The development comes as something of a shock given how the electric automaker only recently purchased US$1.5 billion (AU$1.95 billion) worth of Bitcoin for “more flexibility to further diversify and maximise” returns on cash; in addition to the fact Musk has been one of crypto’s greatest champion, moving markets with nothing more than a couple of characters and perhaps the odd meme – although it certainly seems to be the trend with Elon this past week, beyond Bitcoin alone.
During his appearance on Saturday Night Live, Musk remarked that Dogecoin was a “hustle” in the Weekend Update skit, causing his first crypto-related casualty of the month. The price absolutely plummeted from its all-time high and Dogecoin’s price has still yet to recover approaching the mid-week as investor confidence begins to waver in this regard – despite SpaceX’s best efforts to re-legitimise a meme.
The decision will undoubtedly draw criticism from those who have skin in the game (see: above), although it’s the logical move for a company whose mission statement involves a greener future.

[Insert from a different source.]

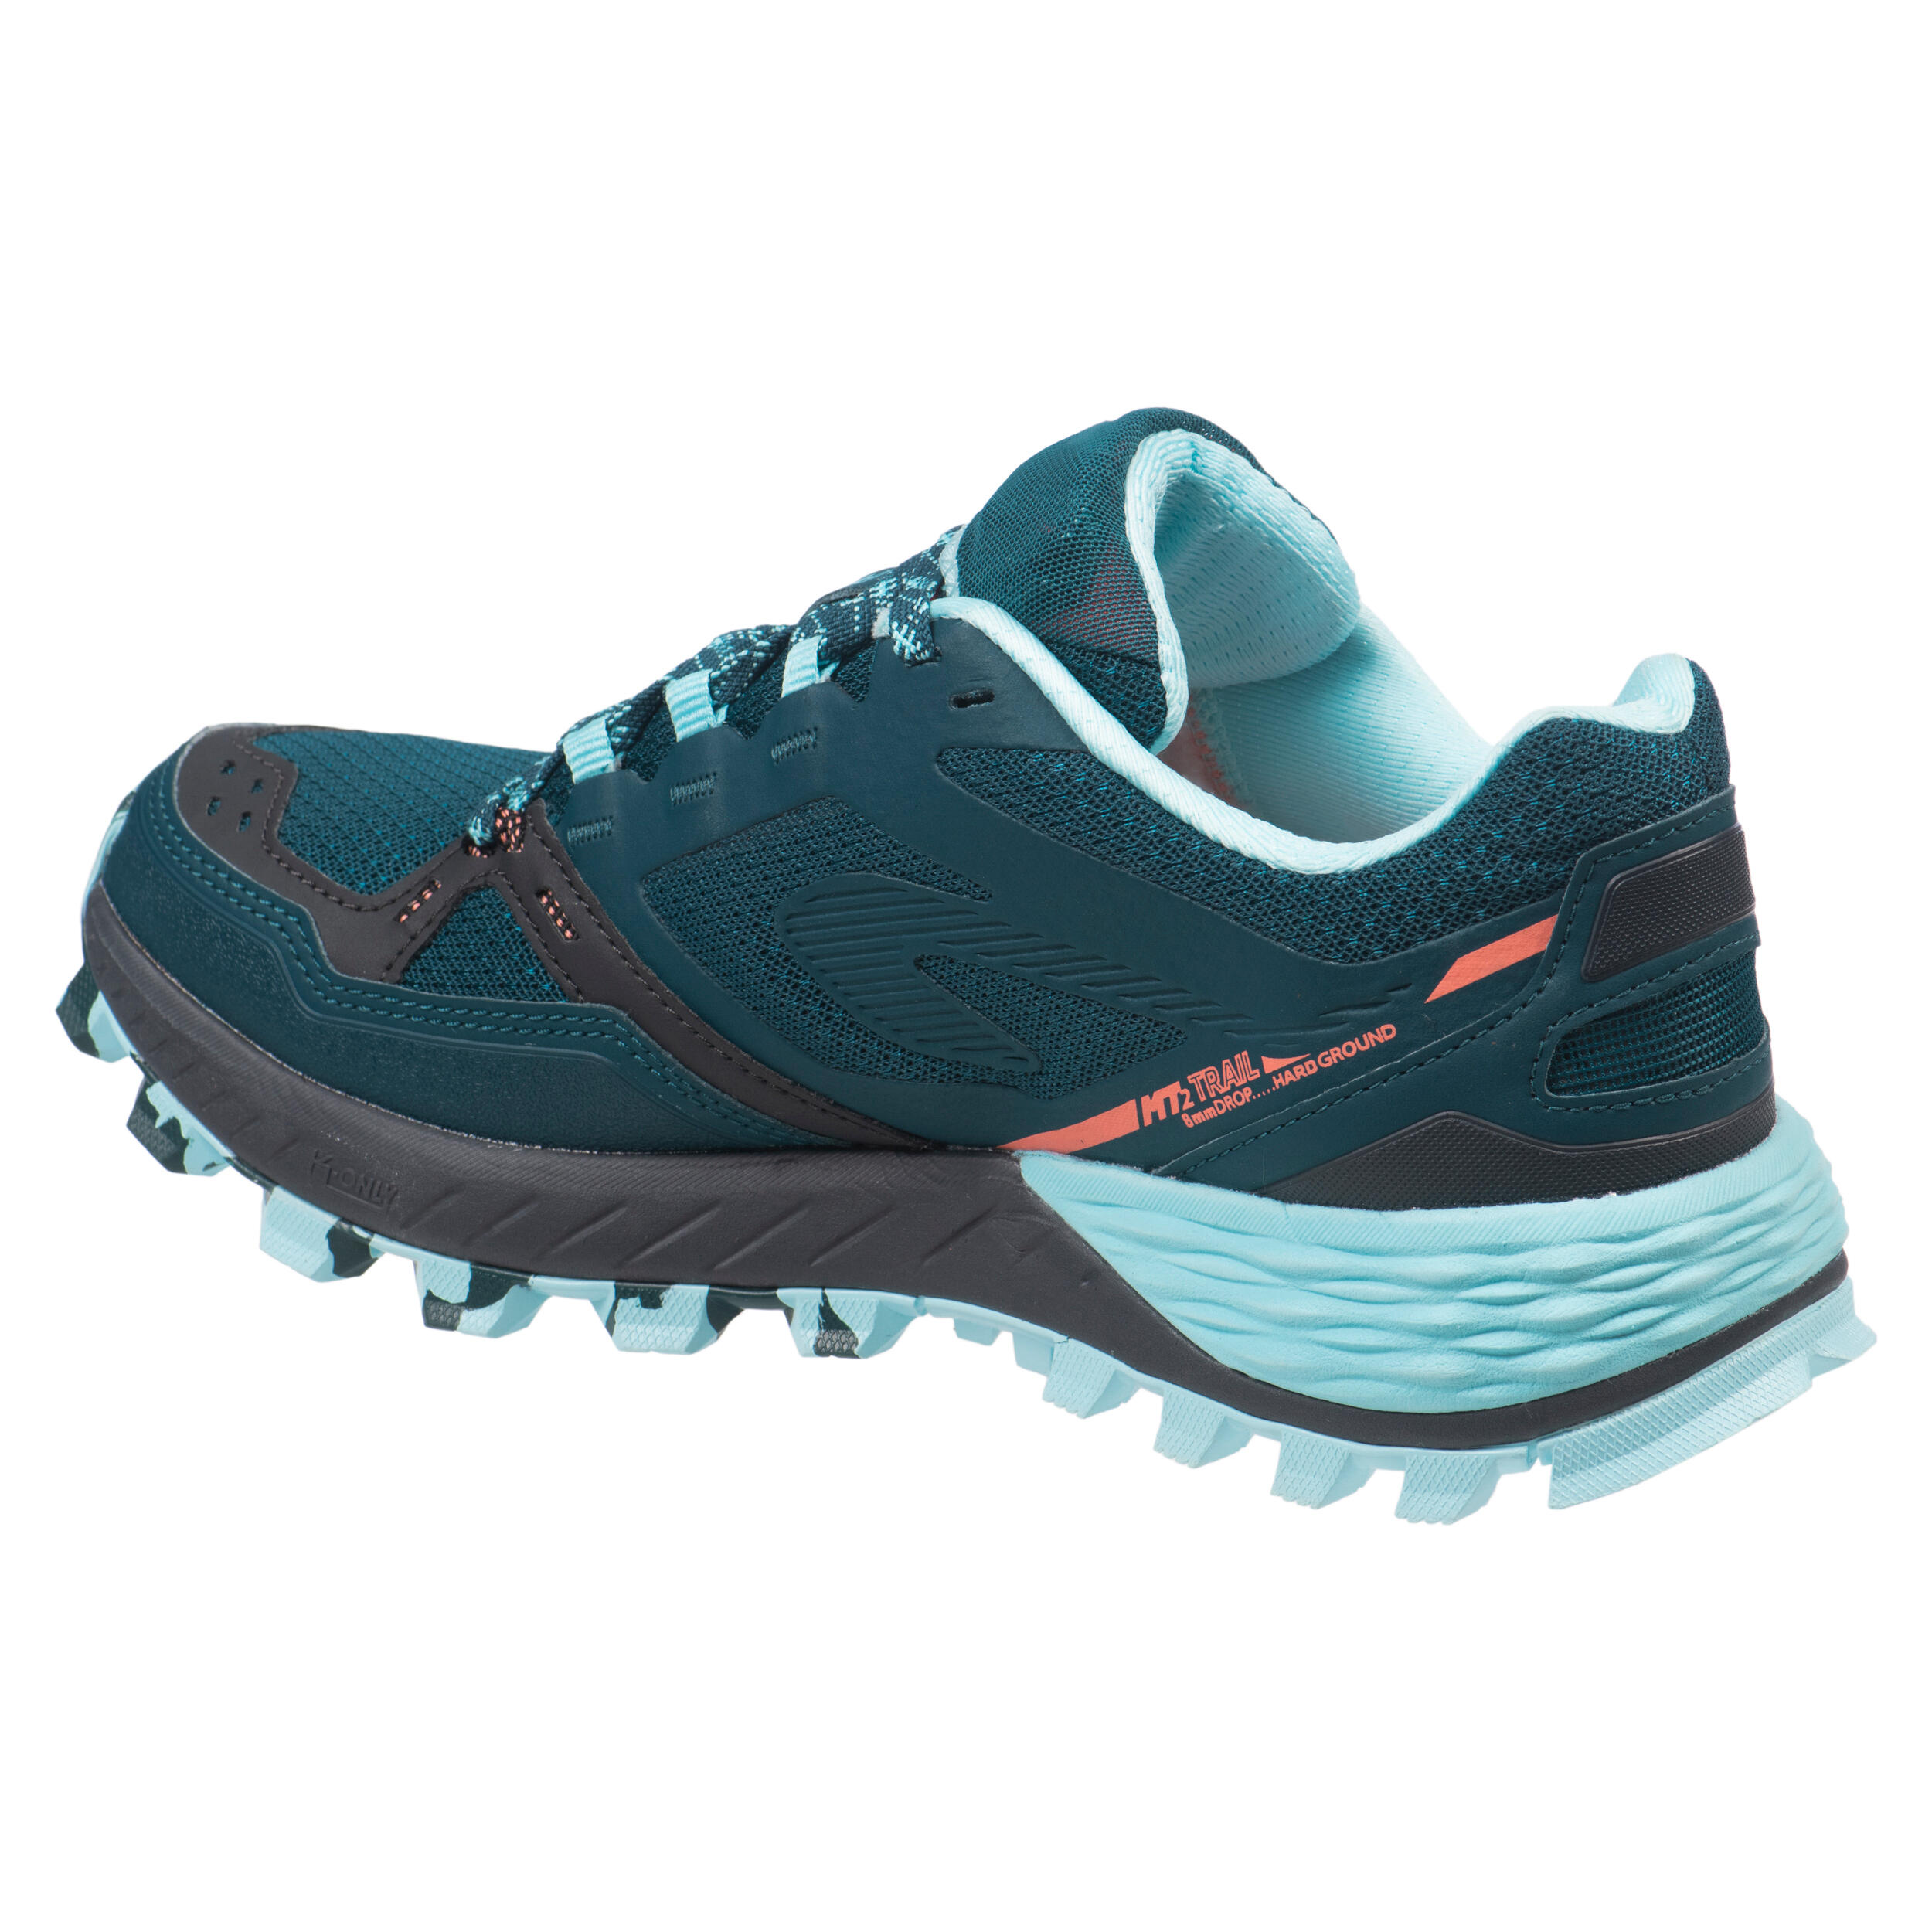 MT 2 Women's Trail Running Shoes - Dark Blue/Light Blue 6/8

Research conducted by the University of Cambridge has indicated Bitcoin mining consumes as much electricity annually as entire countries – exceeding that of both Argentina and Norway – amounting to an untenable rate of 130 Terawatt-hours. That’s approximately 0.6% of the global electricity consumption.
“The environmental impact from mining bitcoins was one of the biggest risks for the entire crypto market,” says Edward Moya, Senior Market Analyst at OANDA.
“Tesla has got an image of being environmentally friendly and Bitcoin clearly is the opposite of that,” says Chris Weston, Head of Research at Pepperstone, Melbourne.
According to CNBC, US$365 billion (AU$472 billion) was wiped off the market. At the time of this writing, Bitcoin is priced at US$50,214 while Dogecoin is sitting at US$0.43.